From: Ron Parker (ronPARKRRRR.COM)
Date: Fri Oct 08 2004 - 10:13:53 CDT


At 04:18 PM 10/7/2004 -0600, Bartlett,James D wrote:
>Well, the default user of a basic XP installation always has admin
>rights. Every distressed CWS victim that I have ever dealt with was a
>low-level user running a single account on a non-domain personal
>machine. Being the only user on their machines, they were all admins.

Since you're the second or third person to reply with something like
this, I obviously wasn't clear enough with my previous statement. My
point wasn't that AppInit_DLLs is safe because nobody should run as
admin, anyway. Obviously that's a nice fantasy, but of course it's
only the reality in well-administered networks. The real point was
that given all of the other ways a person running as Administrator has
to mess up the security of his machine, AppInit_DLLs is rather trivial.
If you're the local administrator on a non-networked machine, you have
the ability to install a device driver that runs at system startup,
well before even WinLogon runs, and hooks the kernel's implementation
of the RegXxx functions.
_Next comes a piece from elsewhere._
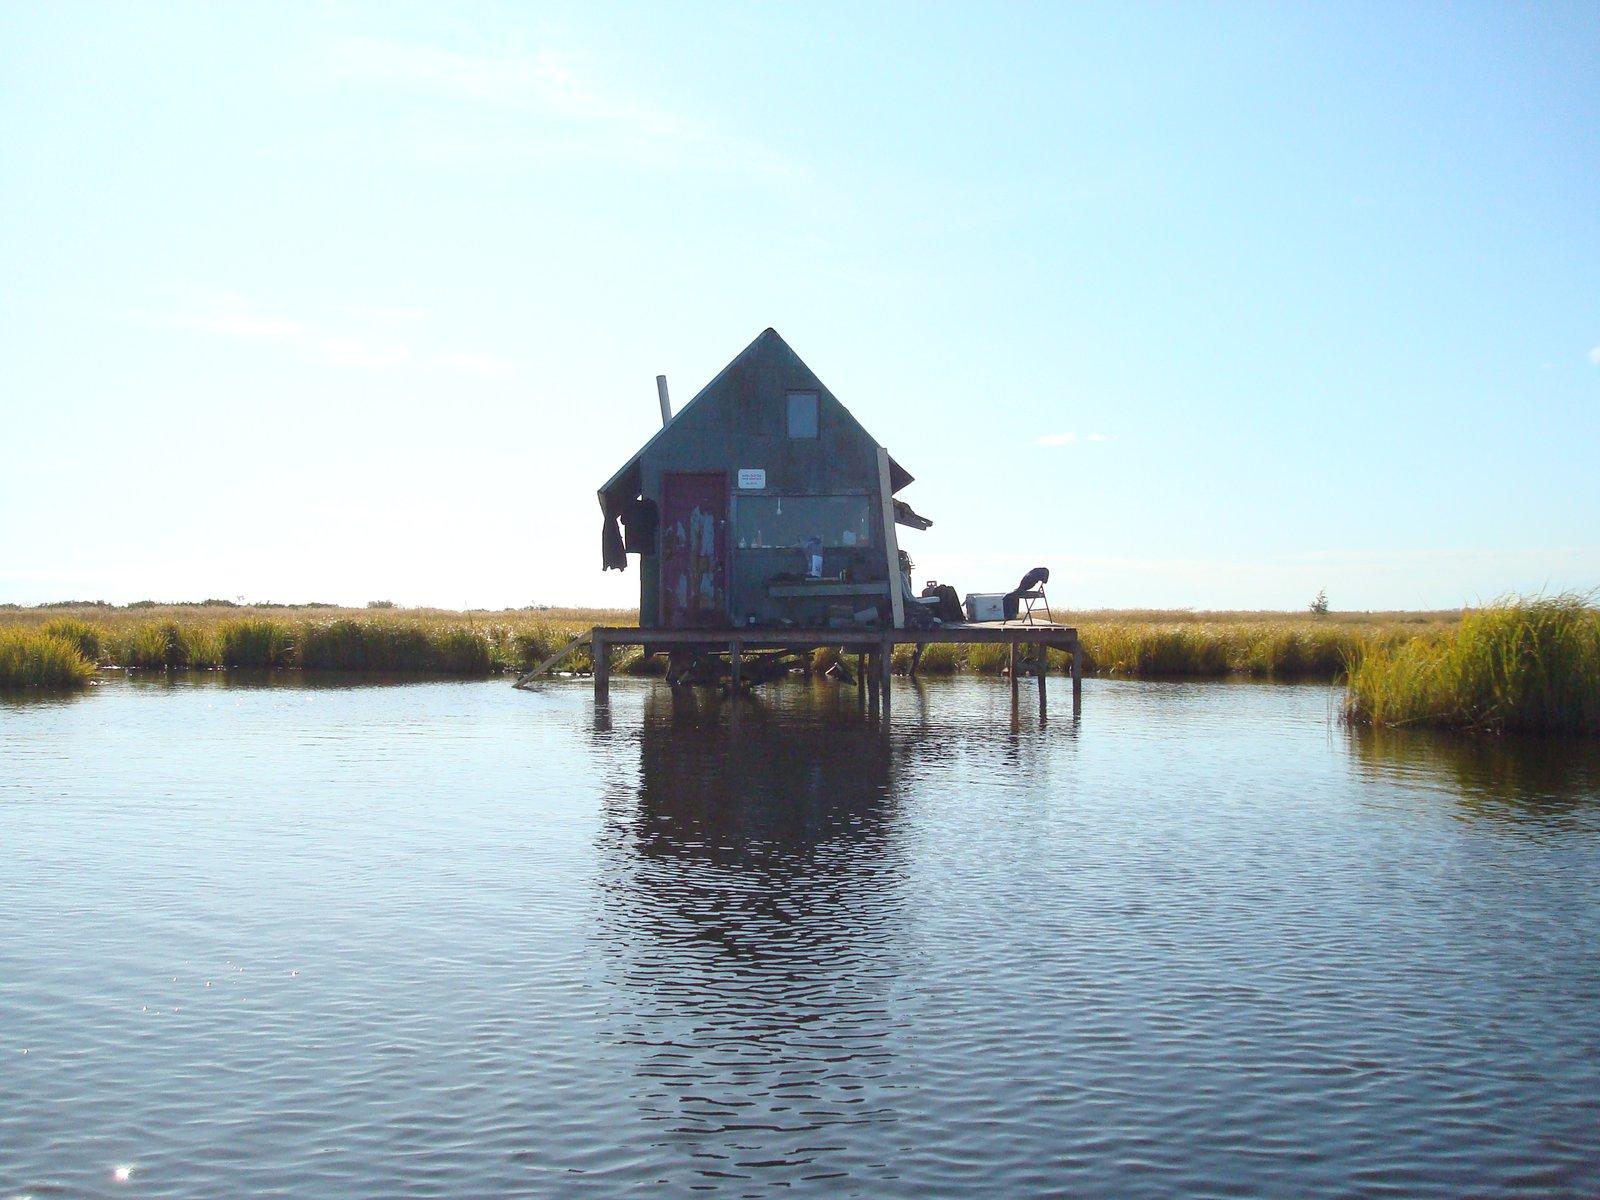 Duck shack

And of course, when you have that ability,
the lowlife cretin who wrote any spyware you may run also has that
ability. This blows away anything you can do with AppInit_DLLs; at
least the AppInit_DLLs method can be bypassed and detected by user-level
code.

Andrew Aronoff seems to have gotten the point; he mentions a whitelist
managed by a central authority. However, I believe that down that
road lies madness: eventually, because some users are too computer-
illiterate to be trusted to administer their own machines, all of us
will have to delegate administration authority to Big Brother. There
is a compromise, of course, and it's one we've already accepted.
Windows should treat anything loading in AppInit_DLLs as it currently
treats a device driver or other plugin and have settings that allow
the user to only run DLLs that are signed by trusted publishers.

Of course, that just assumes all over again that users are competent
to administer their own computers. There's just no getting around
that assumption without taking administrative power entirely out of
the hands of "unqualified" users.

If we're going to demonize Microsoft for something, let's not demonize
them for one of the hundreds of ways a user with administrative privileges
can destroy his own computer. Let's demonize them for the real problem:
that so many people are running untrusted code as Administrator without
having been told about the security implications thereof.